WHHG
- Milan, Tennessee; United States;
- Broadcast area: Jackson, Tennessee
- Frequency: 92.3 MHz
- Branding: 92.3 the Hog

Programming
- Format: Classic rock
- Affiliations: Premiere Networks United Stations Radio Networks

Ownership
- Owner: Forever Communications; (Forever South Licenses, LLC);
- Sister stations: WOGY, WTJF, WTJF-FM, WYJJ

History
- First air date: December 12, 1964 (as WKBJ-FM)
- Former call signs: WKBJ-FM (1964–1983) WYNU (1983–2017)
- Call sign meaning: W H HoG

Technical information
- Licensing authority: FCC
- Facility ID: 50125
- Class: C0
- ERP: 100,000 watts
- HAAT: 302 meters (991 ft)

Links
- Public license information: Public file; LMS;
- Webcast: Listen live
- Website: www.923thehog.com

= WHHG =

Classic rock radio station in Milan, Tennessee, United States

WHHG (92.3 FM), known as "92.3 the Hog", is a classic rock formatted radio station based in Milan, Tennessee. The station is owned by Forever Communications, through licensee Forever South Licenses, LLC. WHHG serves Jackson and West Tennessee with an ERP of 100,000 watts at 92.3 MHz. The station can be heard clearly throughout nearly all of West Tennessee, but can be intermittently picked up in Memphis, areas along the Tennessee River, southwestern Kentucky, extreme northern Mississippi, and even in portions of the Arkansas/Missouri delta along the Mississippi River.

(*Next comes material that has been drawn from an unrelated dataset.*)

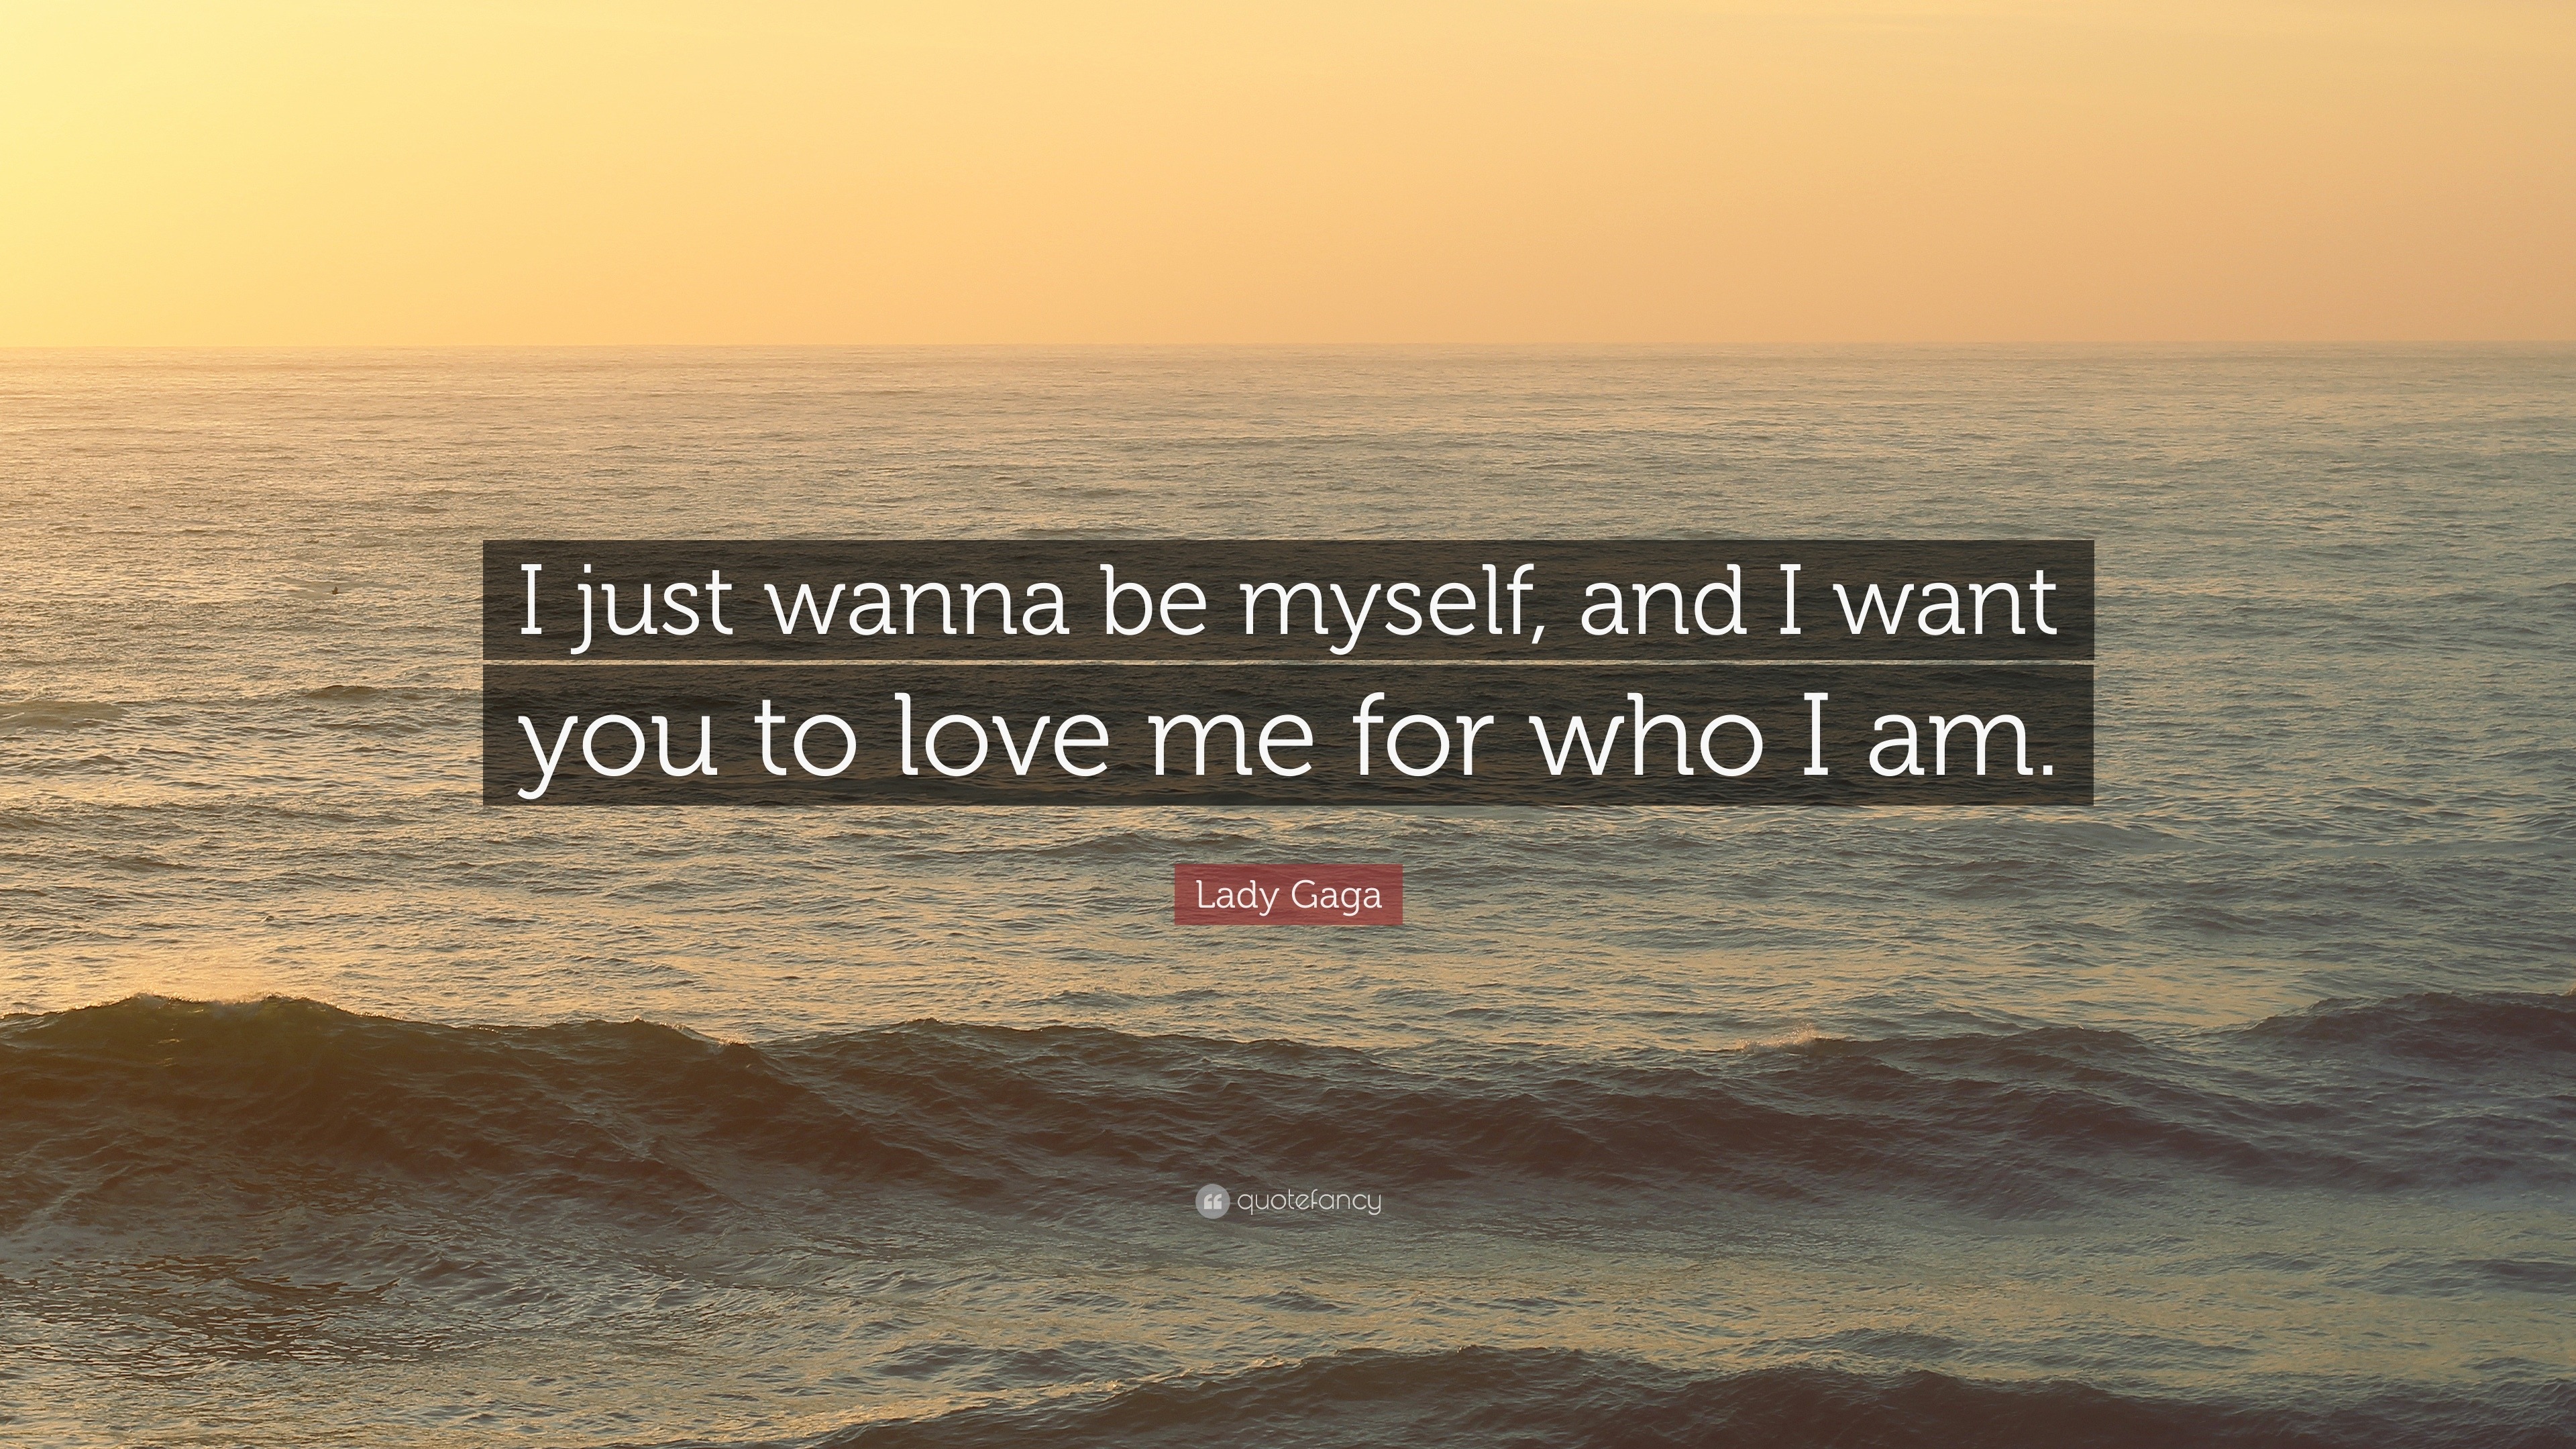 Lady Gaga Quote: “I just wanna be myself, and I want you ...

Previously, the station was "WYNU U92, Classic Hits for U", and before that it was (also with the WYNU calls) "Rock 92.3".

== History ==
In the 1980s, it was known as 92-FM, airing a Top 40 format. Before 2006, WHHG (then WYNU) was owned by Clear Channel Communications. Forever Communications (licensee Forever South) purchased WHHG and WOGY (then WTNV). It would be until 2014 before changes were due for the station. On April 1, Forever reformatted the station as "Classic Hits WYNU U92". In December 2017, the station switched formats back to Classic Rock as "92.3 The Hog". Soon after that in January 2018, the callsign WYNU that was part of the station since 1983 was ditched in favor of WHHG, to go along with the HOG brand.